══ SUPPLIED ENTRIES
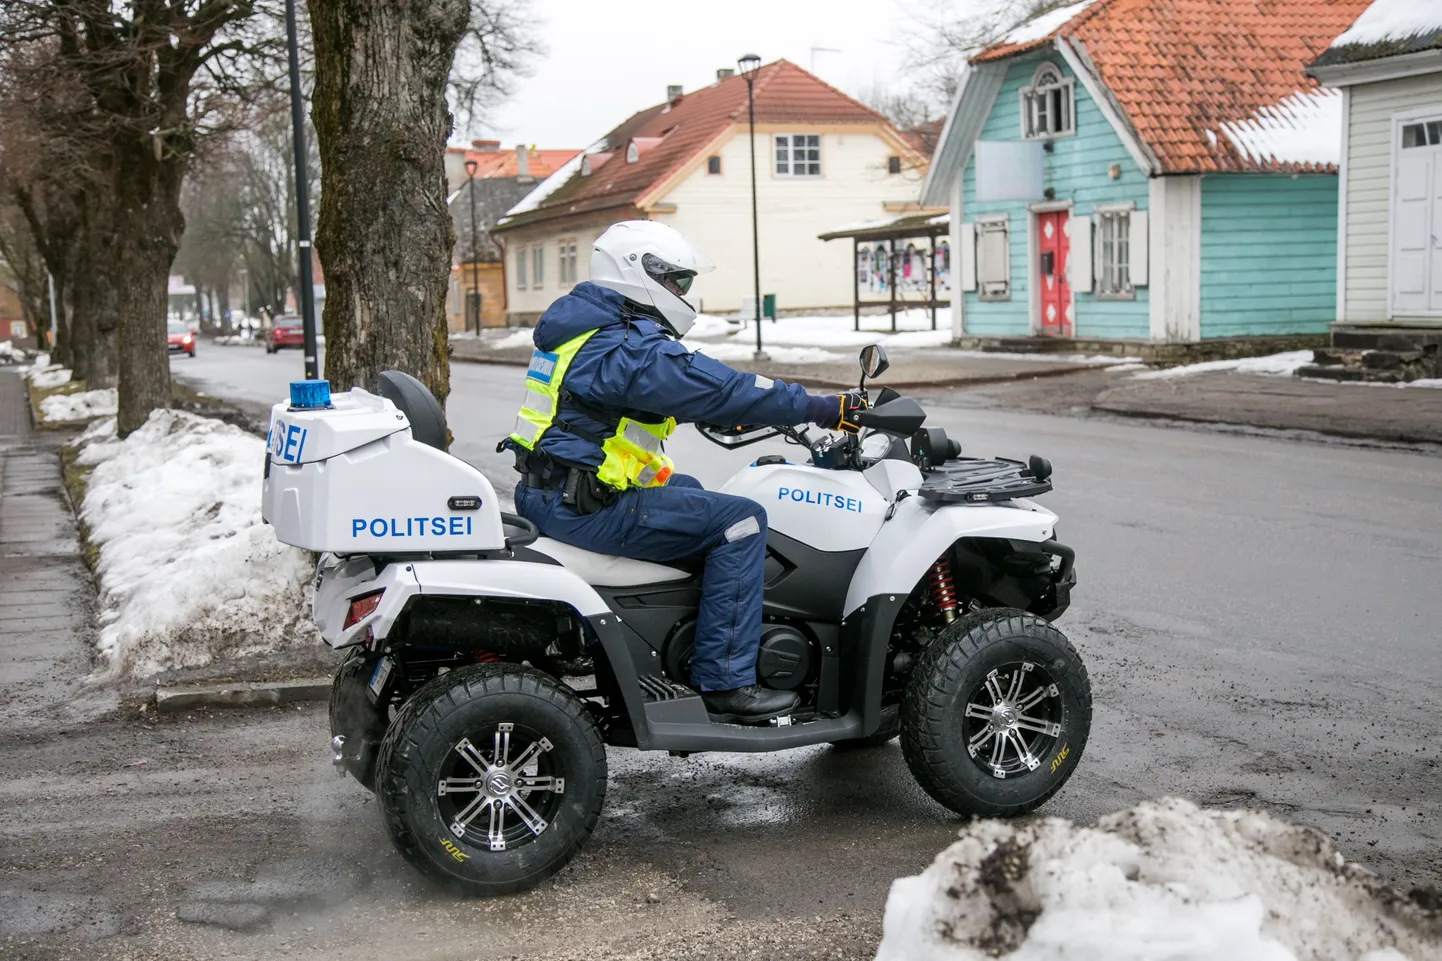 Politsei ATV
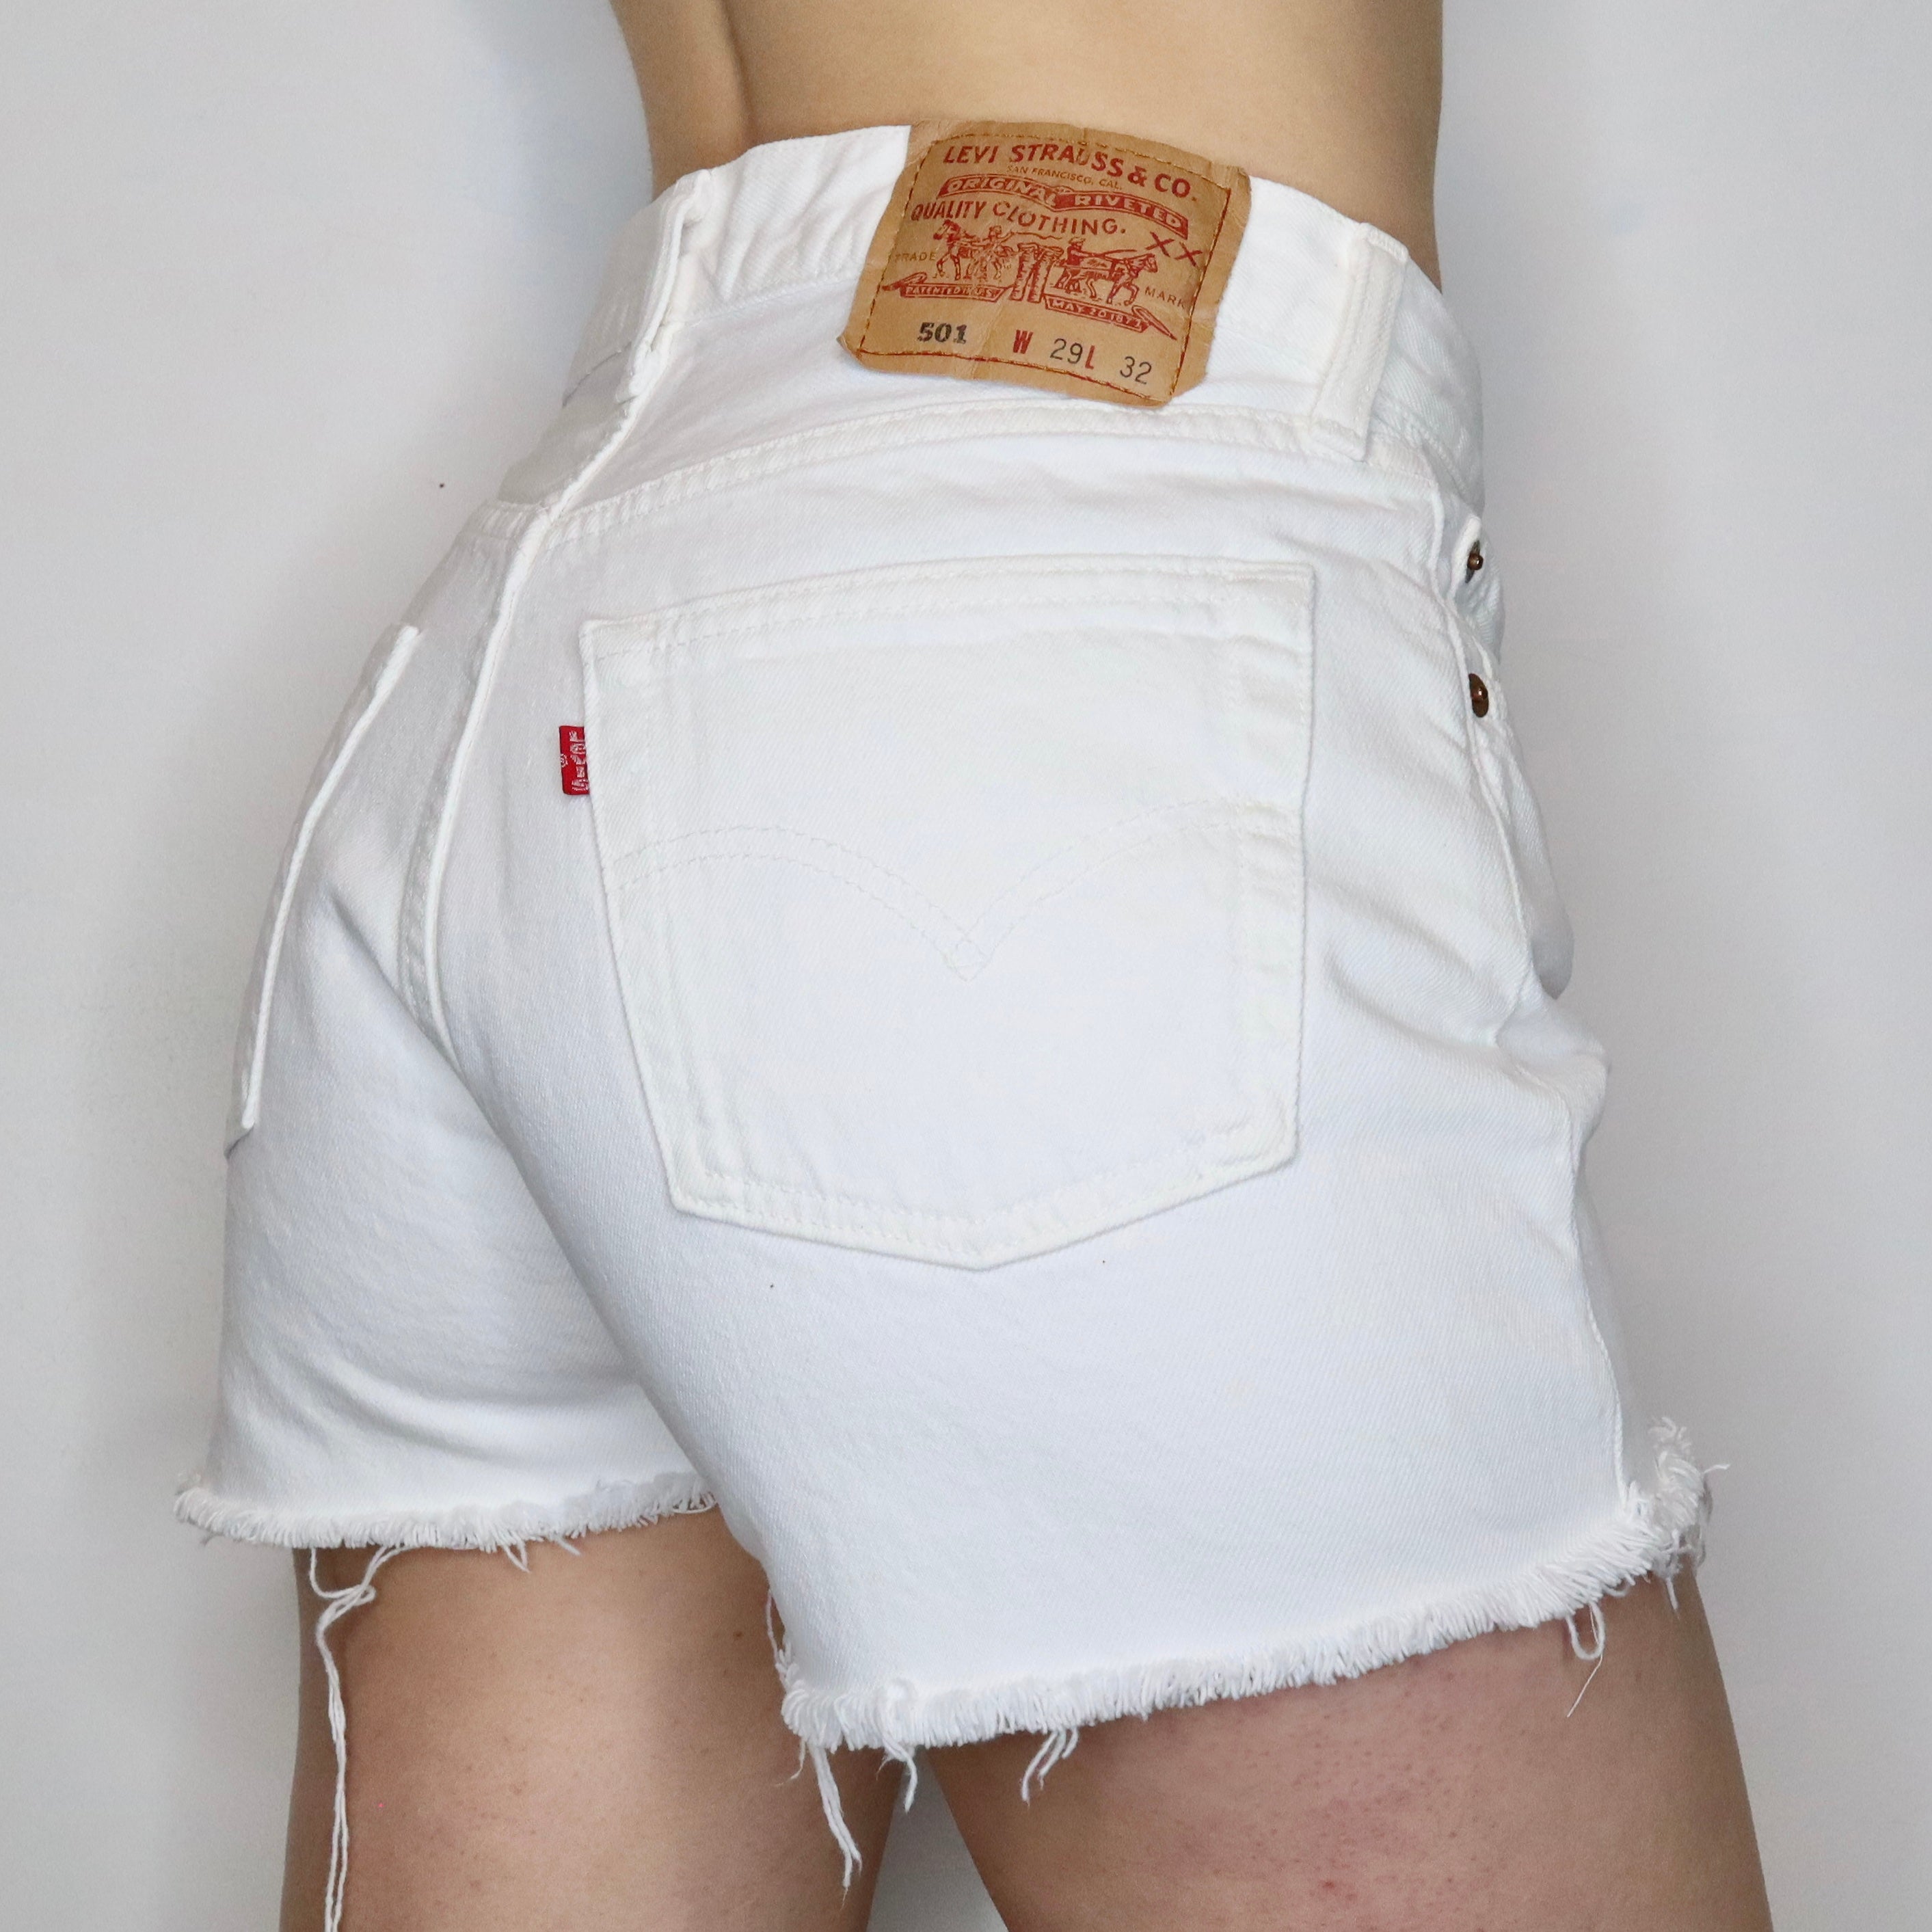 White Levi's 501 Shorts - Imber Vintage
════
══ SUPPLIED ENTRIES
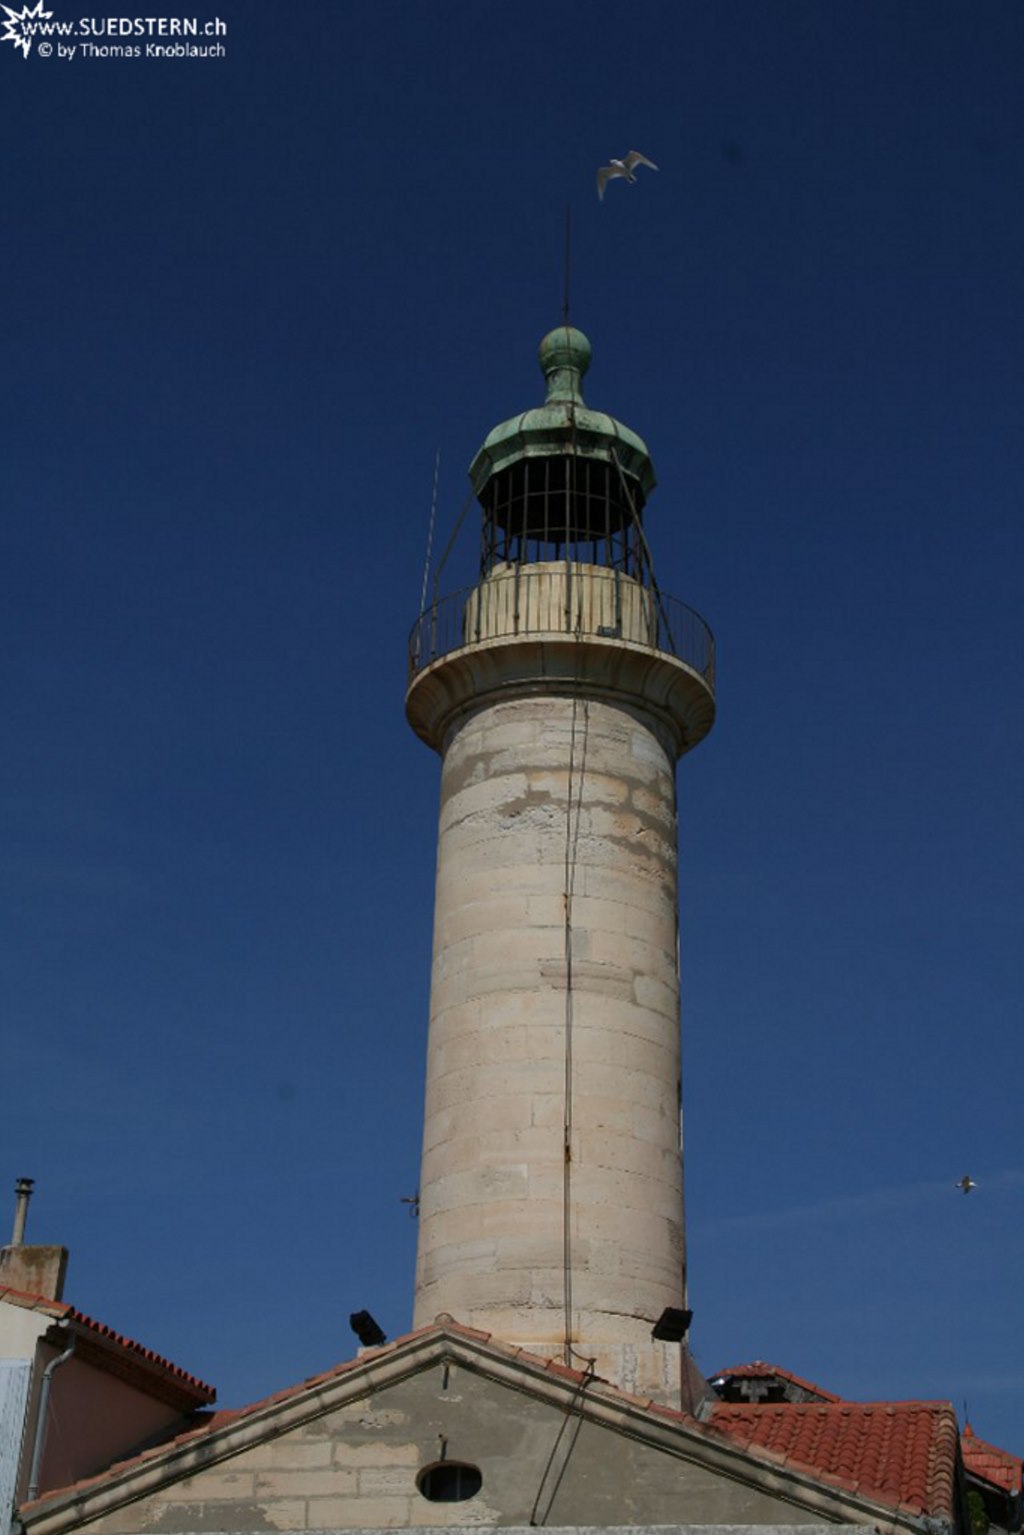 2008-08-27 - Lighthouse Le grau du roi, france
════
WHAT YOU NEED TO DO: Your answer is the exact run of lines above from the one with "Politsei ATV" through the one with "White Levi's 501 Shorts - Imber Vintage", both ends included, minus any picture.

EXERCISE OUTPUT:
 Politsei ATV
 White Levi's 501 Shorts - Imber Vintage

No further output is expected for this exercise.